In his 1987 release, This Note's For You, Neil Young took a lyrical stab at Eric Clapton, who sold his song to Michelob Beer for a high-profile commercial. At the end of his video for the title track, Young thrust a beer can before the camera, spinning it around to reveal the words: "Sponsored by nobody."

Young's new album, Harvest Moon, is a new exercise in this sort of self-consciousness. There is no sarcastic bite to the music here, but, implicitly, he underscores what his alternative to prostituting old material: allow it lie fallow.
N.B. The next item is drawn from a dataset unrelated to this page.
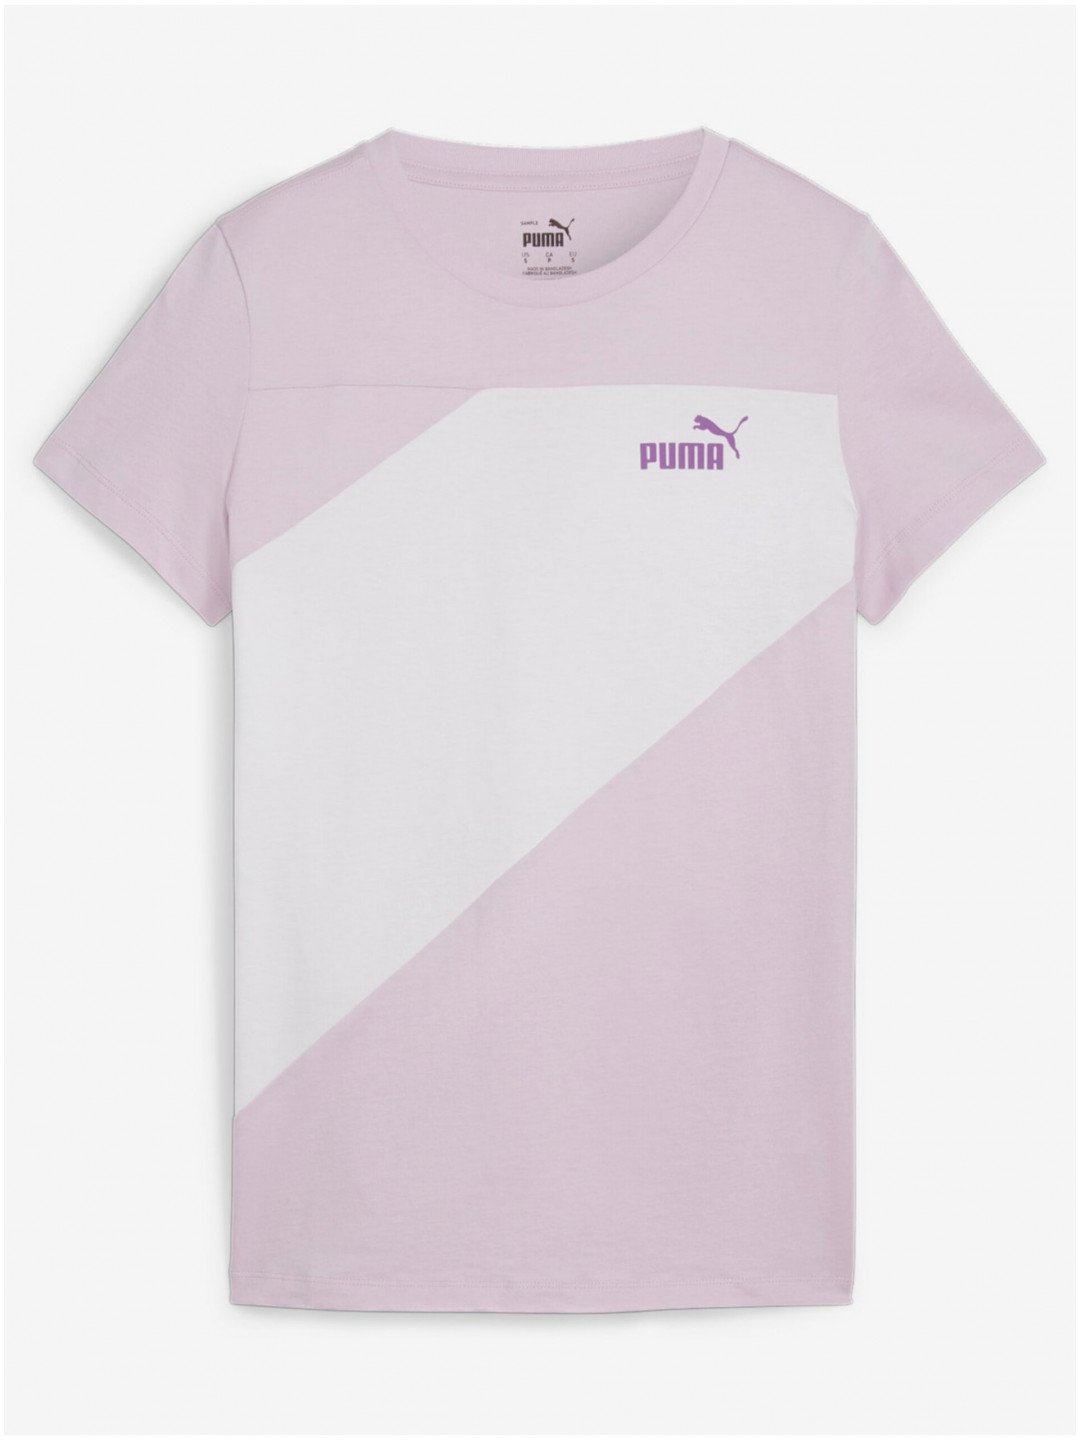 Bílo-růžové dámské tričko Puma Power Tee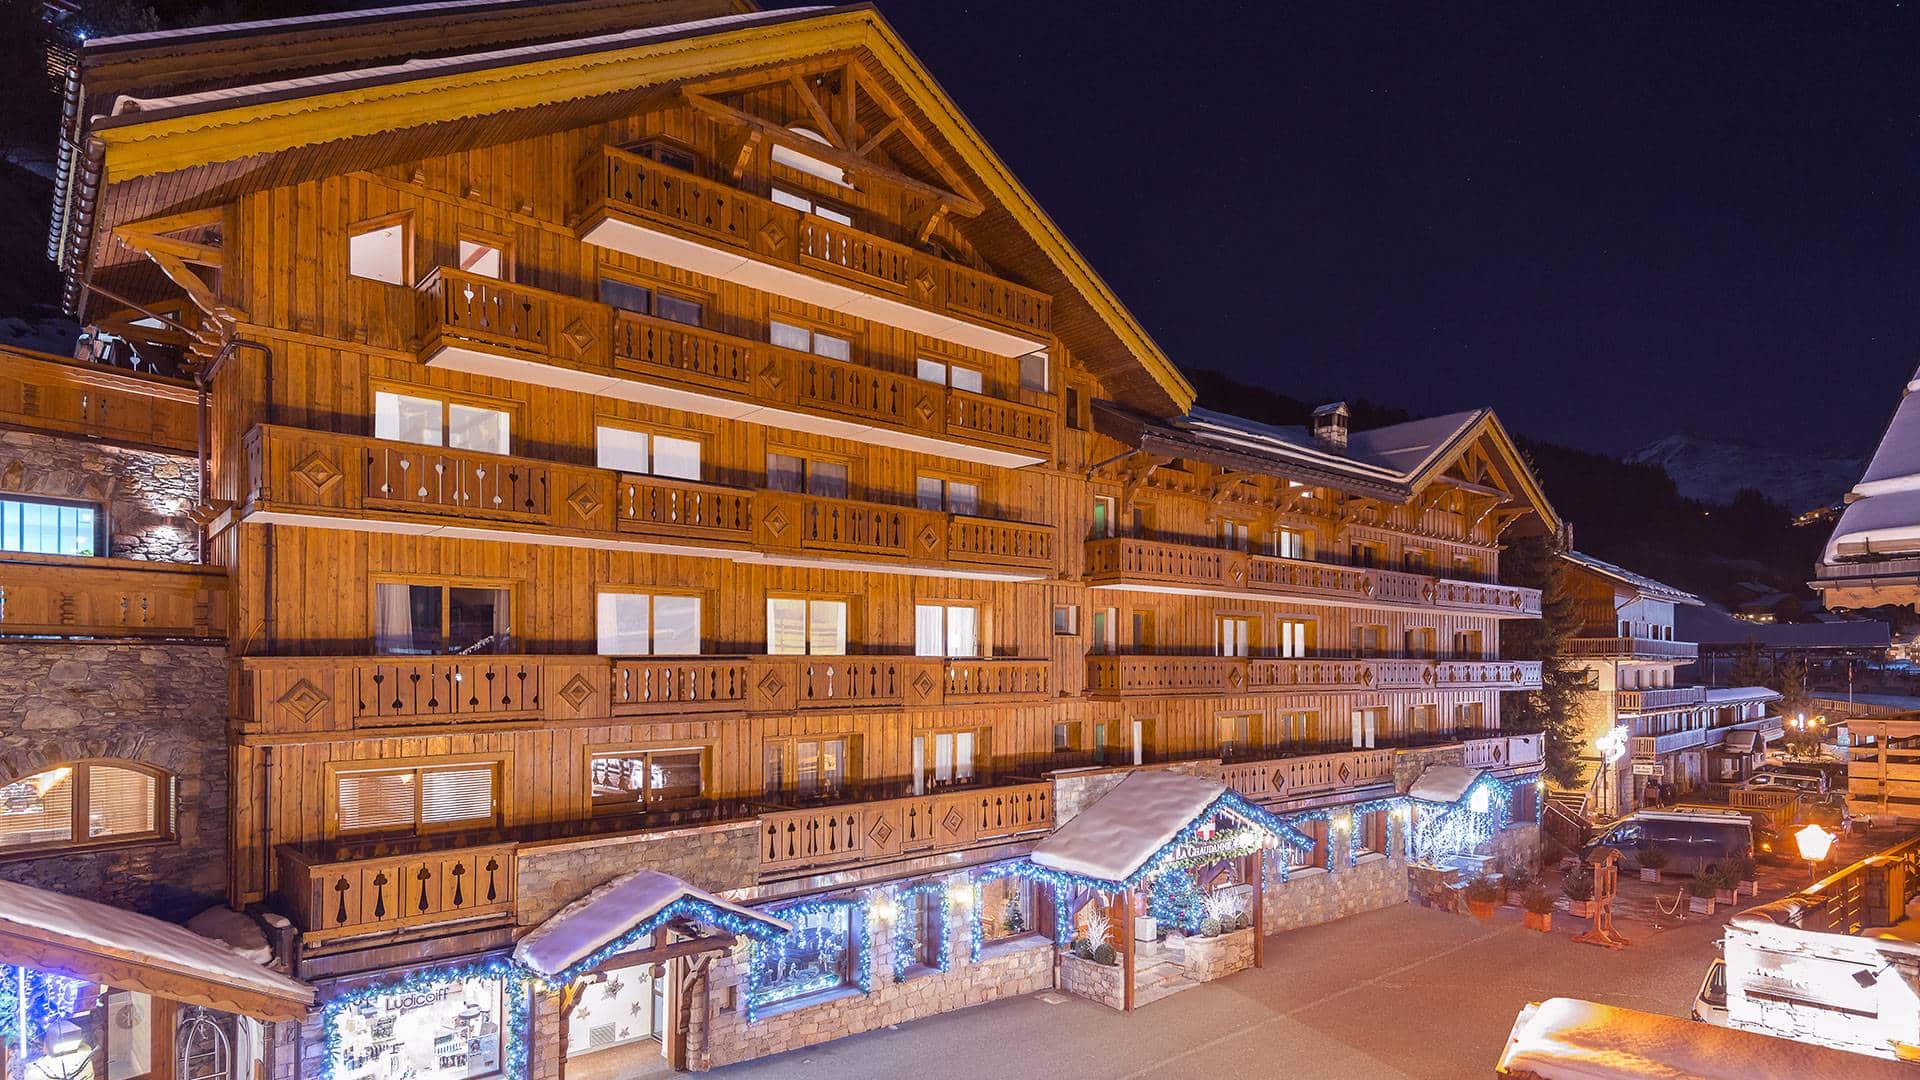 Découvrez pour vos évènements professionnel en Savoie au sein du plus grand domaine skiable du monde Hôtel La Chaudanne.

In this new release, Young reaps the benefits of his metamorphisis through musical styles. Starting with elemental Buffalo Springfield folk and country ballads like in Harvest, he moved to experiments with rougher edges, like on the garage-band style Ragged Glory. In Harvest Moon, Young returns to his folk-country roots, telling simple stories with unadorned acoustic guitar.

Young's sweet voice, backed by stellar vocalists James Taylor and Linda Ronstadt, makes for a fine sound. Love stories are ample here, but they are subtle and, in some cases, sublimely subversive. In "Unknown Legend," for example, Young sings of a a distant passion: "Somewhere in a desert highway/She rides a Harley-Davidson." In print, it's not the most romantic image in the world, but the music--and Ronstadt's voice--brings the image to life.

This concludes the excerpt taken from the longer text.